Flash Drag and Drop Code Snippet
Start a new ActionScript 3.0 project. You will notice that we have the default one frame on Layer 1 in the Timeline and a blank stage.
Open the Code Snippets panel (Window ï¿½ Code Snippets). You will find the Drag and Drop code snippet in the Actions folder.
To apply a code snippet, just double-click on the snippet's name in the panel. However, when we do this, FlashR tells us that we need to attach the snippet to an object on the stage. A code snippet can be added to a movie clip or TLF text object. Let's draw a square on the stage with the Rectangle tool. Now, select the square on the stage and double-click the snippet again.
Now, Flash tells us that we need to convert the square to a Movie Clip and give the Movie Clip an Instance Name. It offers to do this for us. So, click OK. The Actions panel will open automatically to display our drag and drop code. Close this panel for a little while so that we can examine what else has happened in our Flash fla.
On the Timeline, we now have a new Actions layer (top layer) and Frame 1 has a small "a" to indicate that the ActionScript code has been added to that frame. We still have our Layer 1 with the square but if we click on the square and look at the Properties panel, we see that Flash has made it a new movie clip named "Symbol 1" with an Instance Name of "movieClip_1".
Now we can test our Flash movie. Click Control ï¿½ Test Movie ï¿½ In Flash Professional. Click on the square and drag it to another location on the stage.
Let's open the Actions panel again, and check out the code. The code snippet contains to functions and two event listeners. The first line of code (after the comment) adds an event listener to our movieClip_1. The event listener listens for the MOUSE_DOWN MouseEvent. When Flash notices that the mouse button has been clicked down, it will run the first function called fl_ClickToDrag.

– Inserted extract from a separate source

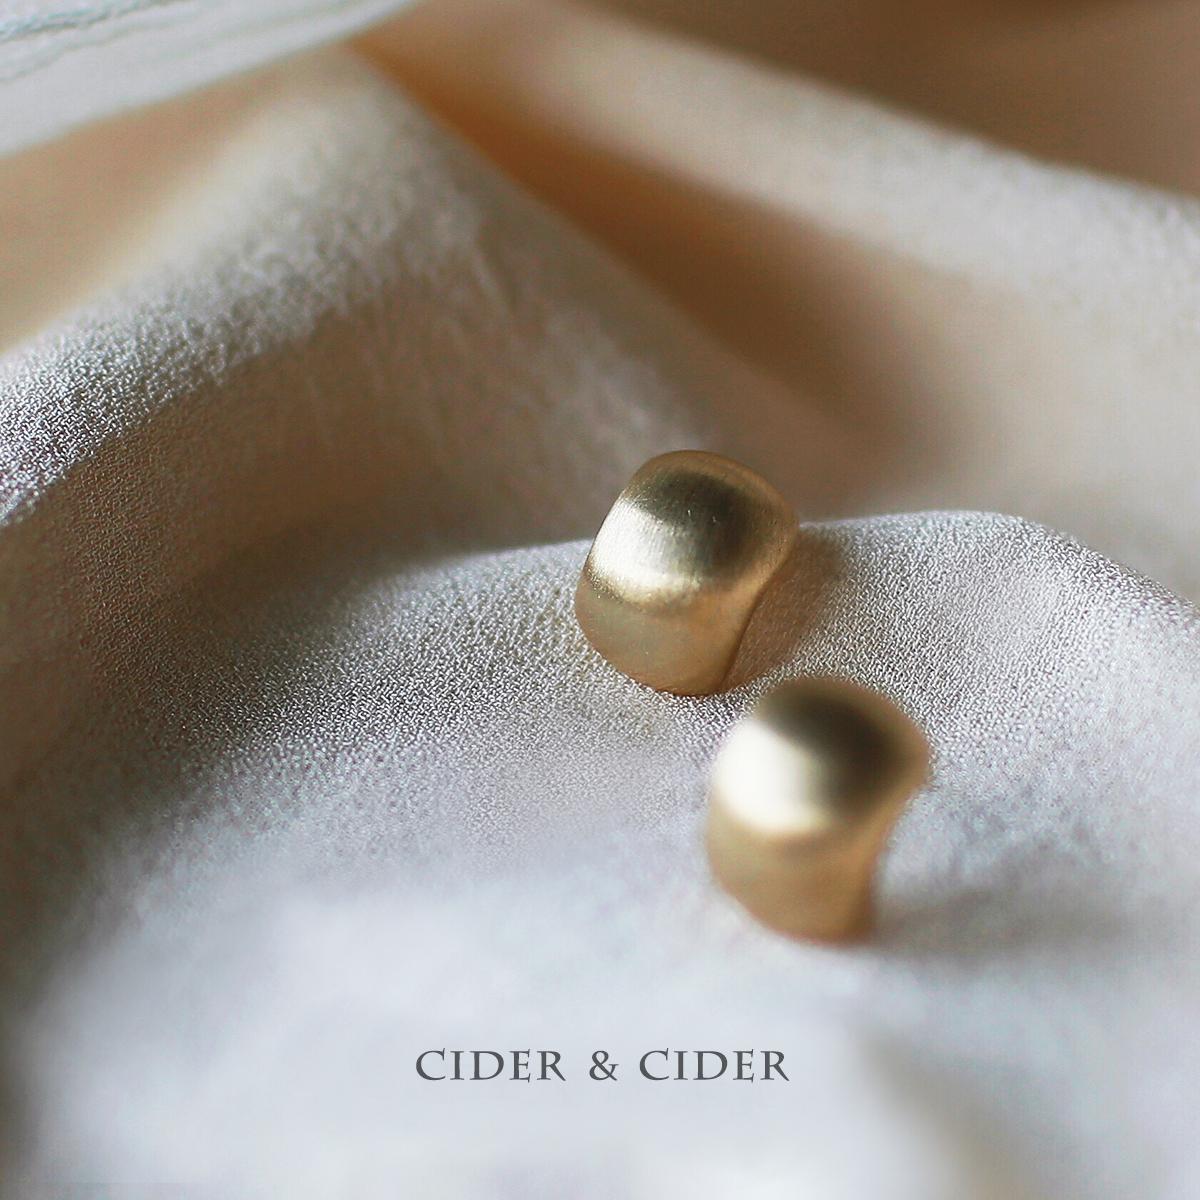 Cider 欧美简约冷淡风拉丝镀金耳钉设计感小众法式耳环金(银色)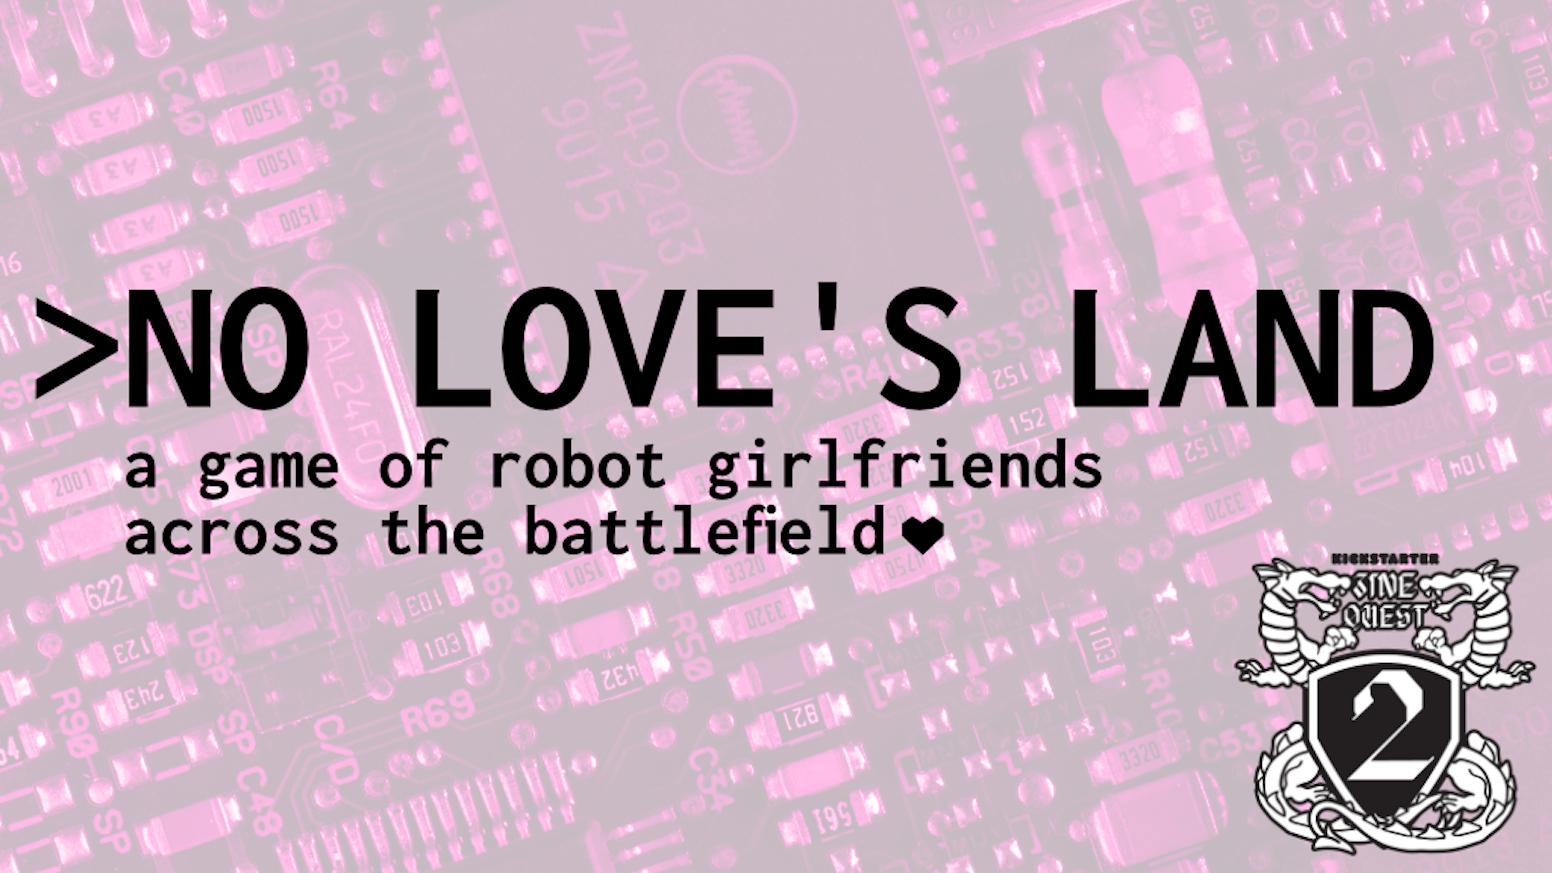 LARP for 2 players of Robot Girlfriends across the battlefield

The fl_ClickToDrag function applies the startDrag(); function to our movieClip_1. This startDrag function is a "built-in" Flash function that allows the target (movieClip_1) to be dragged over the stage. We can only have one movie clip draggable at a time and this movie clip remains draggable until one of two things happen. The first is a stopDrag(); function is called. We will talk about this in the next paragraphs. The second is to apply the startDrag(); function to another object on the stage.
Now that we can drag our movie clip, we need to look at the code that will "drop" our movie clip. As you can see, the next line of code will add an event listener to the stage (not the movie clip). It tells Flash to listen for the MOUSE_UP MouseEvent and run the fl_ReleaseToDrop function when this occurs.
The fl_ReleaseToDrop function applies another built-in Flash function stopDrag(); to the movieClip_1 object. This function stops or removes the startDrag() ability from the movie clip.